The simplest physical method involves passing water through a filter media that has a specific pore size. This allows impurities that are smaller than the pore size to pass through and concentrates those with higher molecular weight, thereby producing clean water. The coagulation method uses various chemicals that cause the impurities to stick together and form larger particles, or flocs. These are then separated from the water by gravity or adsorption (selective absorption).
Chemical treatments can also be applied during this phase of water treatment. Examples of these include disinfection to inspect or inactivate pathogens and phosphate removal, which is important because our wastewater is often contaminated with phosphates from detergents, fertilisers, food additives, and faeces. When they remain in the wastewater, they lead to overfertilisation and useless plant growth – a process known as eutrophication – that is harmful to our environment.
Other methods of physical treatment include removing bulky matter with sieves, grit and debris from the surface of water, or reducing the amount of fat, oil and grease in sewage through a de-greasing process. Another method is membrane separation, such as reverse osmosis and nanofiltration. This forces water at high pressure through semi-permeable membranes that prevent the passage of some substances based on their molecular weight.

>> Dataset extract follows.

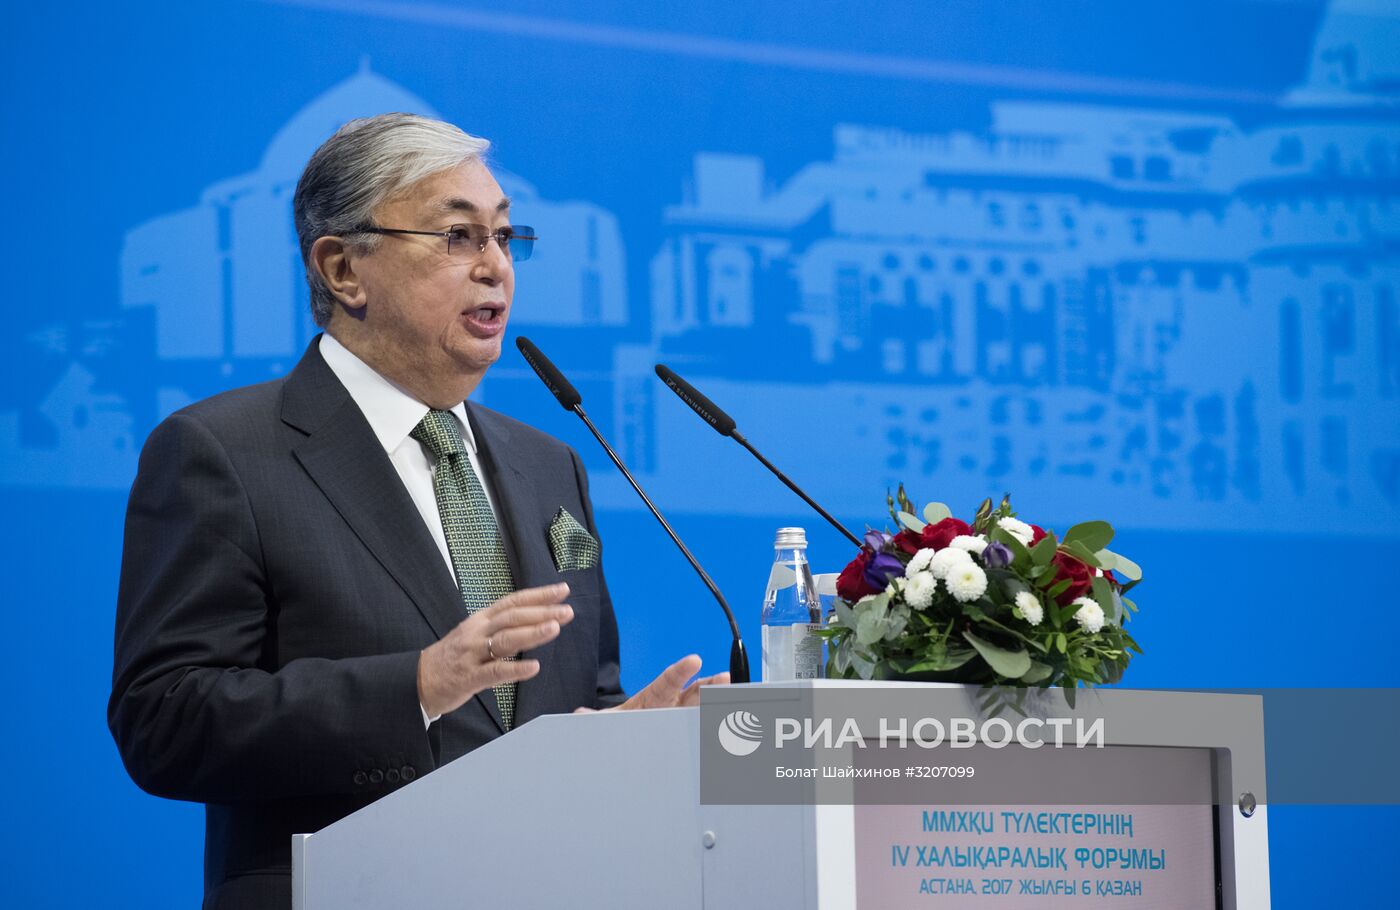 IV Международный форум выпускников МГИМО в Казахстане

Water treatment plants often use mechanical processes to physically separate contaminants from water. This step is important, as it protects the rest of the treatment plant from debris that could clog pipes and disrupt other processes. Screens are used to remove leaves, twigs, paper and other materials that may pose a risk of obstructing or damaging equipment. This is also known as Pre-Treatment.

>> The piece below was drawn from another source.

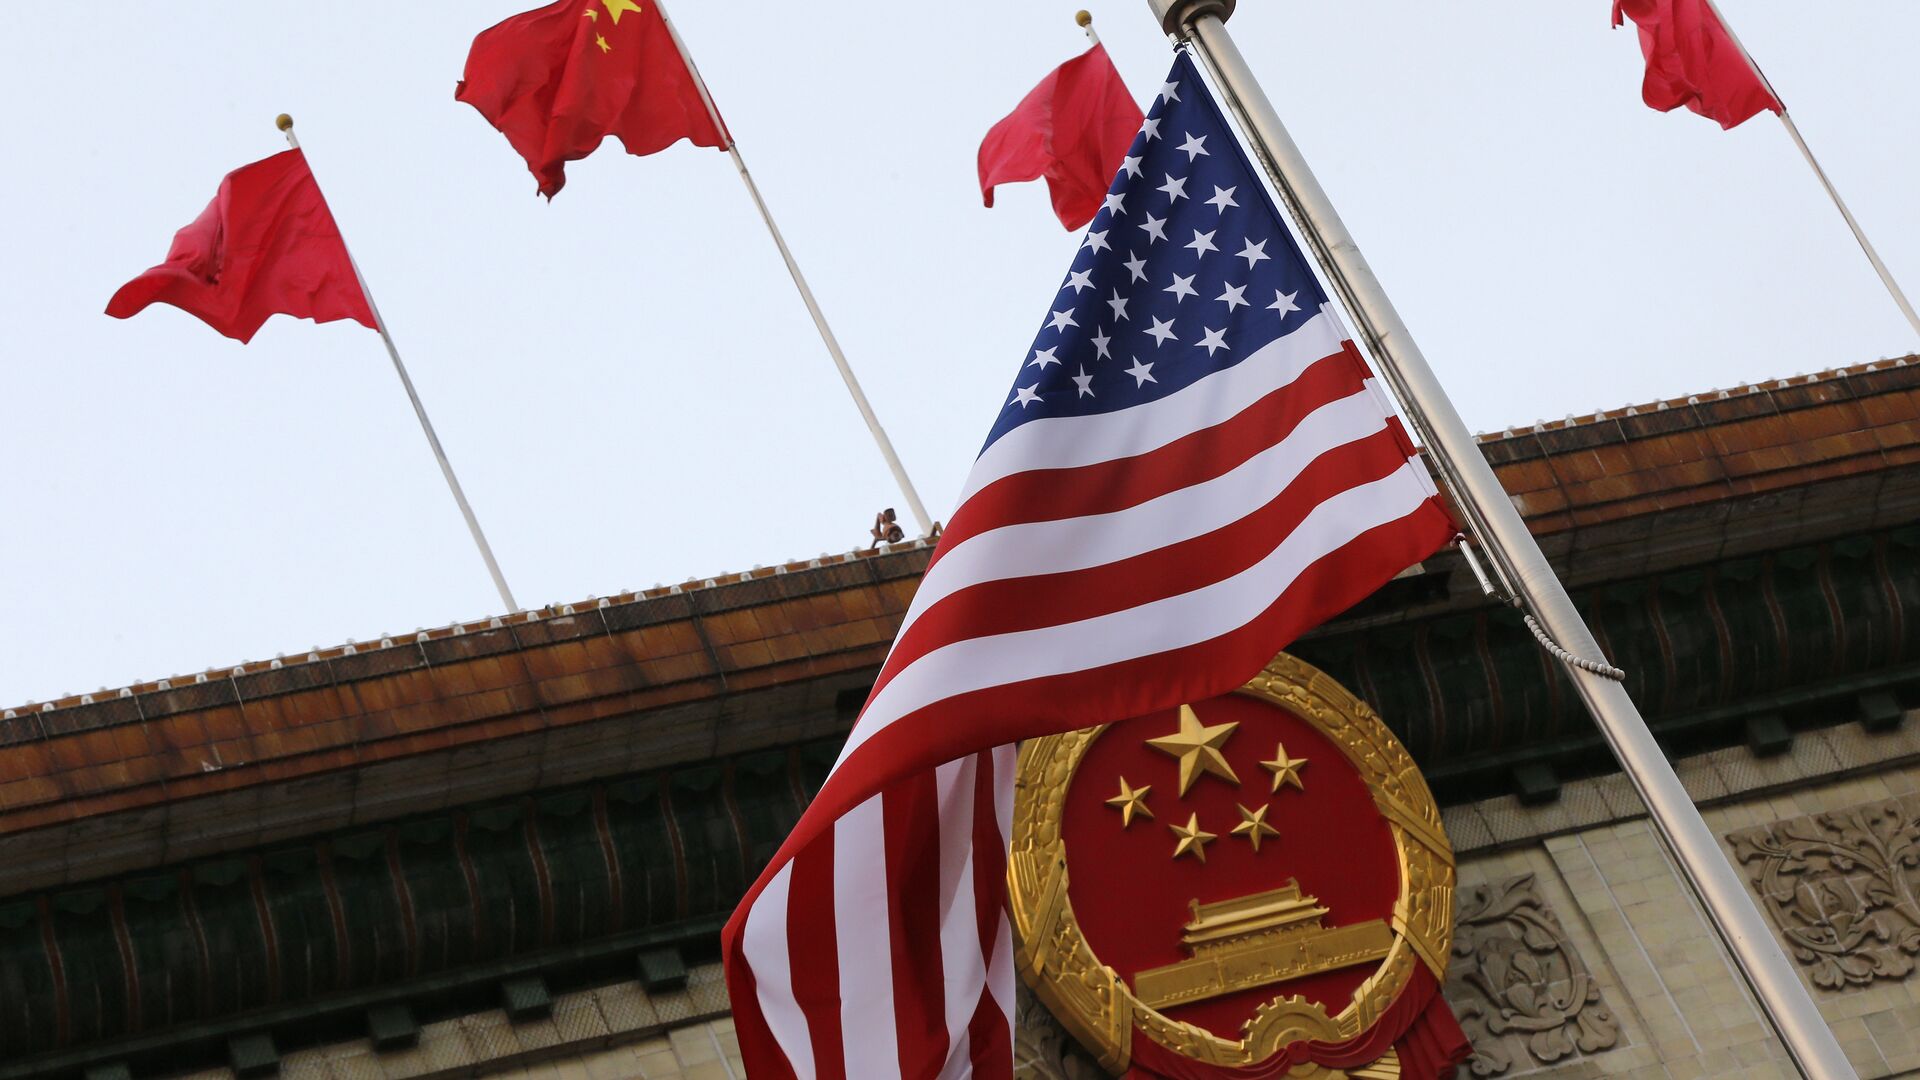 Флаги США и Китая во время визита Дональда Трампа в Пекин 9 ноября 2017 года - Sputnik Latvija, 1920, 15.02.2021

Next, coagulation occurs to remove fine particles from the water. Chemicals with a positive charge are added to the water to neutralize its negative charge, which causes the particles to bind together and form larger, more solid pieces (flocs). Common chemicals used for this process include specific types of salts, aluminum and iron. The flocs are then separated from the water by sedimentation and filtration. The filtered water is then disinfected using chlorine or other chemicals.
Some water treatment plants may choose to skip this step if they are using a source of water that already has low levels of contaminants. This method is used by small water utilities that may have limited technical and financial capacity.
In biological treatment, bacteria consume contaminants by reacting with them in a vessel or basin called a bioreactor. This process is aided by adding an electron donor and nutrients to the water. The bacteria then create biomass and other nontoxic byproducts.